Limbah organik yang masuk ke suatu perairan akan mengalami dekomposisi dan menghasilkan senyawa nutrien (nitrogen dan fosfor) yang menyuburkan perairan. Nitrogen dan Fosfor merupakan unsur kimia yang diperlukan alga (fitoplankton) untuk hidup dan pertumbuhannya. Peningkatan kelimpahan fitoplankton akan diikuti dengan peningkatan kelimpahan zooplankton. Dikarenakan fitoplankton dan zooplankton adalah makanan utama ikan, maka kenaikan kelimpahan keduanya akan menaikan kelimpahan (produksi) ikan dalam badan air tersebut. Akan tetapi peningkatan konsentrasi nutrien yang berkelanjutan dalam badan air, apalagi dalam jumlah yang cukup besar akan menyebabkan badan air menjadi sangat subur atau eutrofik dan akan merangsang fitoplankton untuk tumbuh dan berkembang-biak dengan pesat sehingga terjadi blooming sebagai hasil fotosintesa yang maksimal dan menyebabkan peningkatan biomasa perairan tersebut.

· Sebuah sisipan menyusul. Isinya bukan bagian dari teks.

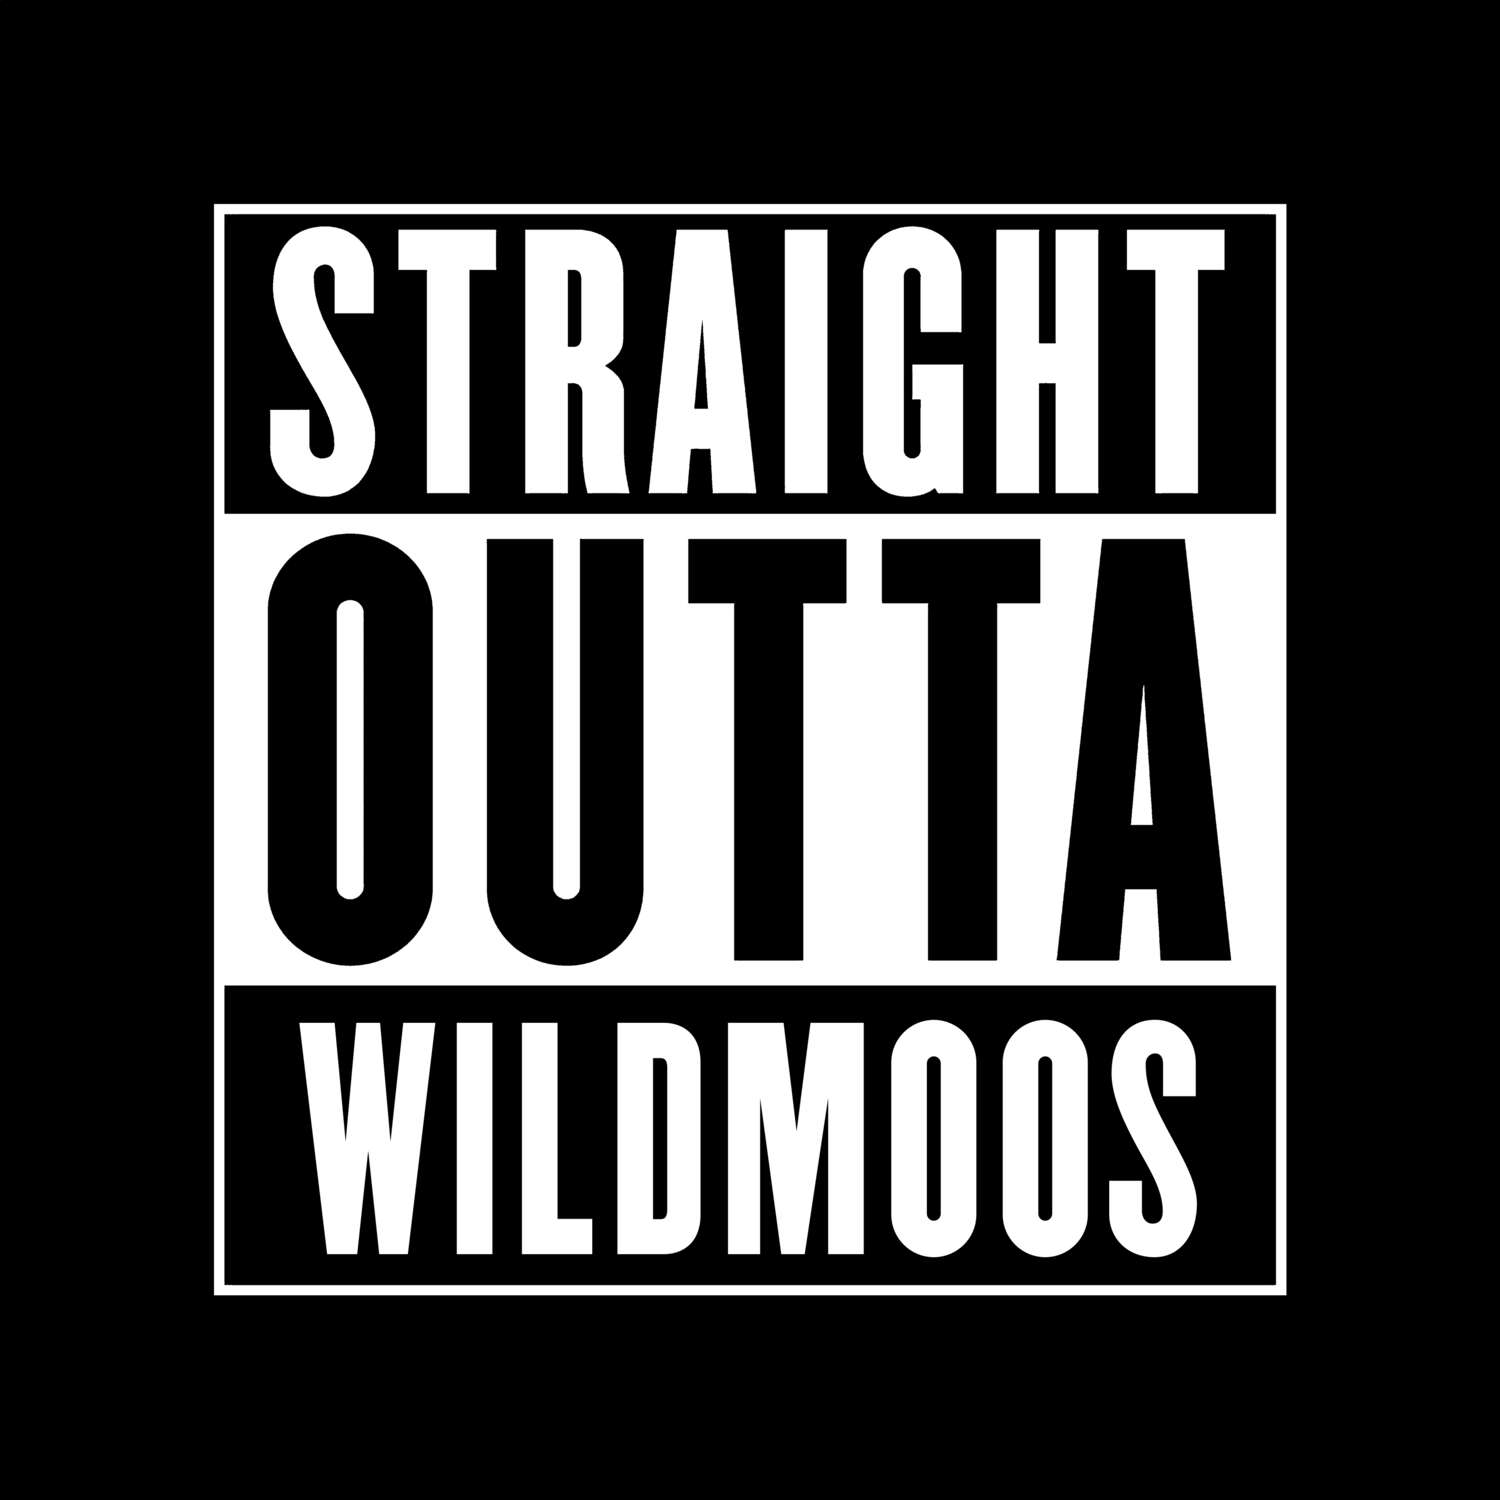 Wildmoos T-Shirt »Straight Outta«

         Peningkatan biomassa perairan karena fitoplankton akan merugikan dan mengancam keberlanjutan fauna karena perairan didominasi oleh fitoplankton yang tidak dapat dimakan dan beracun. Blooming yang menghasilkan biomasa tinggi juga merugikan fauna karena fenomena blooming selalu diikuti dengan penurunan oksigen terlarut secara drastis akibat pemanfaatan oksigen yang berlebihan untuk dekomposisi biomasa (bahan organik) yang mati. Rendahnya konsentrasi oksigen terlarut apalagi sampai batas nol akan menyebabkan ikan dan fauna lainnya tidak bisa hidup dengan baik dan mati. Selain menekan oksigen terlarut proses dekomposisi tersebut juga menghasilkan gas beracun seperti NH3 dan H2S yang pada konsentrasi tertentu dapat membahayakan fauna air, termasuk ikan. Selain badan air didominasi oleh fitoplankton yang tidak ramah lingkungan, eutrofikasi juga merangsang pertumbuhan tanaman air lainnya, seperti eceng gondok (Eichhornia crassipes) dan hydrilla. Oleh karena itu, pada rawa-rawa dan danau-danau yang telah mengalami eutrofikasi tepiannya ditumbuhi dengan subur oleh tanaman air seperti eceng gondok (Eichhornia crassipes) dan hydrilla. Selain menyuburkan fiplankton dan tanaman air, eutrofikasi juga menyuburkan cyanobacteria (blue-green algae) yang diketahui mengandung toksin sehingga membawa risiko kesehatan bagi manusia dan hewan. Adanya cyanobacteria akan meningkatnya penyakit kulit pada manusia.

C. Kesimpulan
Dari pembahasan tersebut dapat disimpulkan bahwa:
1. Eutrofikasi merupakan pengkayaan (enrichment) air dengan adanya nutrient (nitrogen dan fosfor) yang berupa bahan anorganik dan sanat dibutuhkan oleh tumbuhan dan dapat mengakibatkan terjadinya peningkatan produktivitas primer perairan
2. Eutrofikasi disebabkan oleh peningkatan biomassa akibat meingkatnya fitolankton
3. Adanya eutrofikasi menyebabkan melimpahnya konsentrasi unsur hara dan perubahan parameter kimia seperti oksigen terlarut (DO), kandungan klorofil-a dan turbiditas serta produktivitas primer
4. Adanya Eutrofikasi pada suatu perairan juga dapat diketahui apabila telah terjadi perubahan warna air menjadi kehijauan, air yang keruh dan berbau busuk.



Daftar Pustaka
Ahl, T. (1980), Eutrofication of Norwegian Freshwater in Relation to Natural Conditions. in: Eutrofication of Deep Lakes, Progress in Water Technology, 12(2):49 – 61.
Goldman, C.R. dan Horne, A.J. 1989. Limnology. McGraw Hill Company. New York.
Mason. 1993. Biology of Freshwater Pollution. John Willey and Sons. New York.
Sastrawijaya, A. T. 2000. Pencemaran Lingkungan. Edisi kedua. Rineka Cipta. Jakarta.
Payne, A.I. 1986. The Ecology of Tropical Lake and Rivers. John Wiley and Sons. New York.